Archive for the ‘Libertarian’ Category

Proud Libertarian to run in upcoming council election – Queensland Times

Ipswich man Anthony Bull has put his hand up to run for Division 2 in this year's historic election.

Mr Bull, a second generation Ipswich resident, works in digital marketing and analytics.

"I went to Redbank Plains State School before moving to Westside Christian College, then I actually enrolled at the University of Queensland at Ipswich before the business element got shut down and moved to St Lucia," he said.

"My history here (Ipswich) also extends to my parents; my dad used to be the president of one of the local soccer clubs. He has a field named after him at Westminster Soccer Club; the Kevin Bull field down in Redbank Plains.
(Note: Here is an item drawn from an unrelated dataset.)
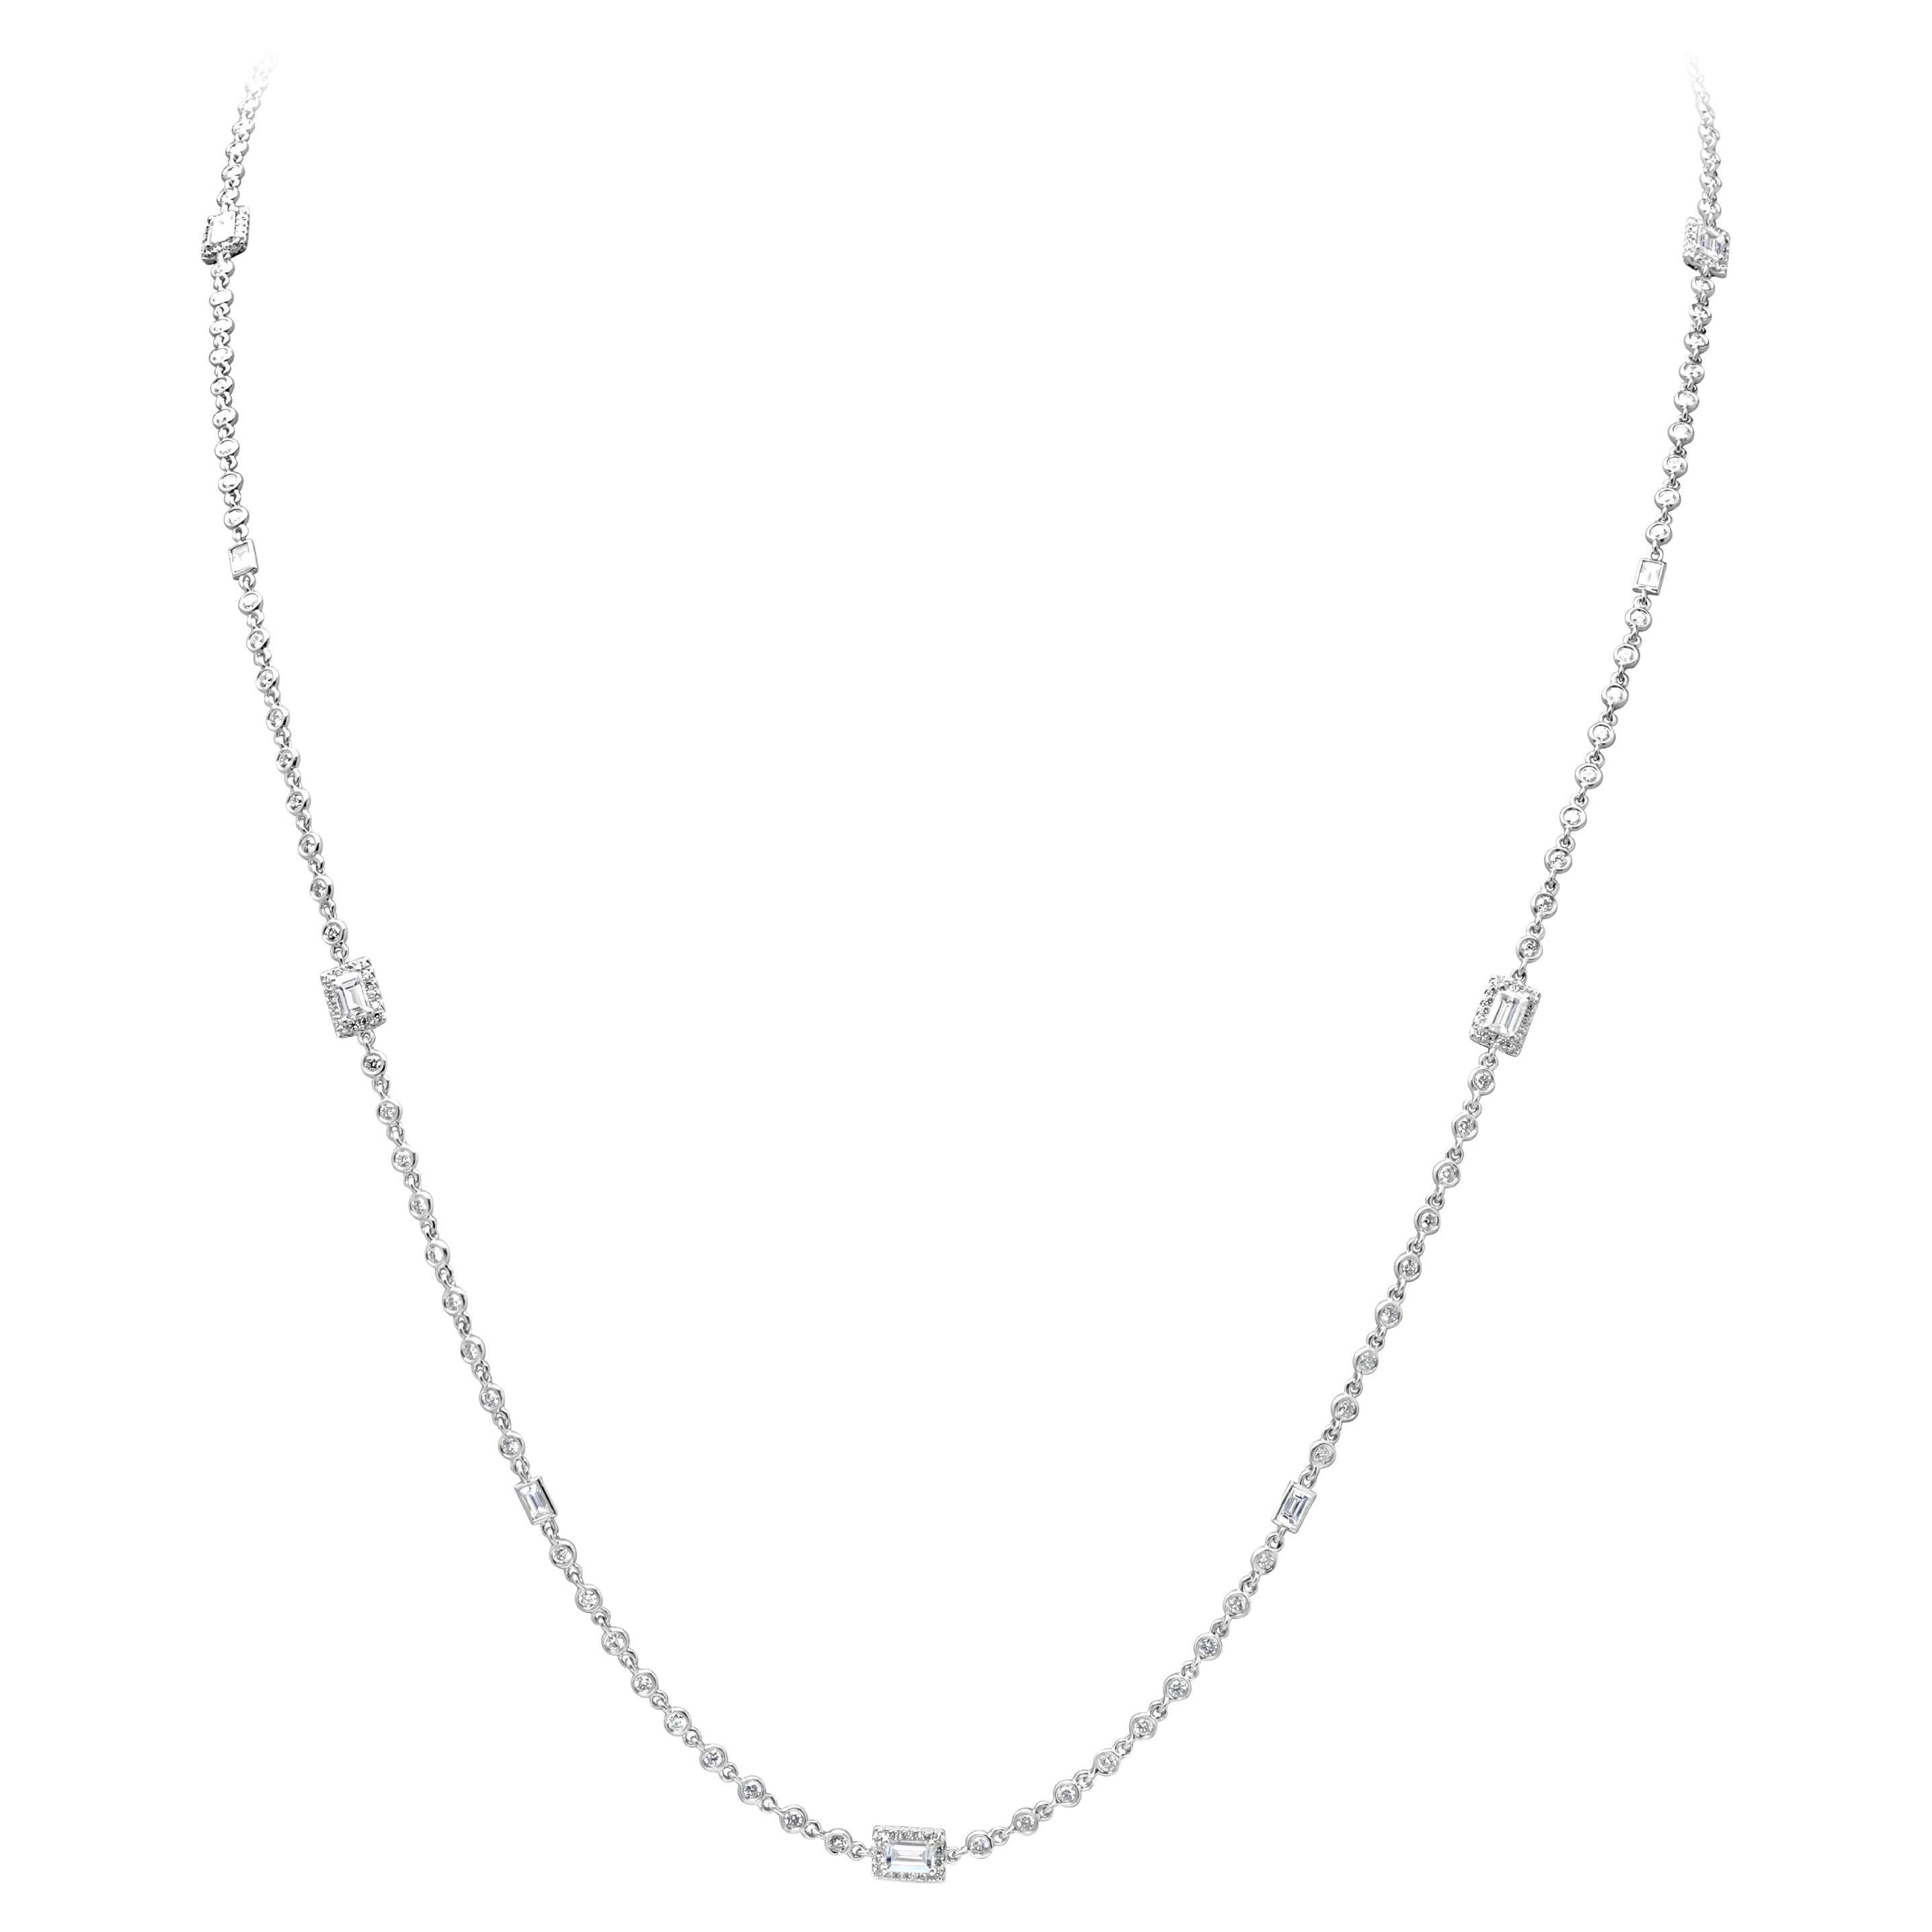 6.54 Carats Total Baguette and Round Cut Diamonds by the Yard Line Necklace For Sale

"My mother works in a couple of charities here and my wife is from Ipswich as well."

Mr Bull said he wanted to run for council because he had a passion for politics and believed he could do better than the previous council.

"The previous council was a perfect example of an unchecked government," he said

"I'm a big believer in government transparency and government accountability; that the people who work in government have to answer to the people who voted them in."

Mr Bull has three main focuses if elected to council, which include not only streaming council meetings but having audio transcribed as a way of ensuring accountability.

"The other two issues that my platform is about are ending the gouging of rate payers by looking at some of the policies that were implemented by the previous government," he said.

"Perhaps some of the services we agreed to aren't the best service at the same price.

"The fact that there was corruption makes me think that there are some services there that need to be looked at."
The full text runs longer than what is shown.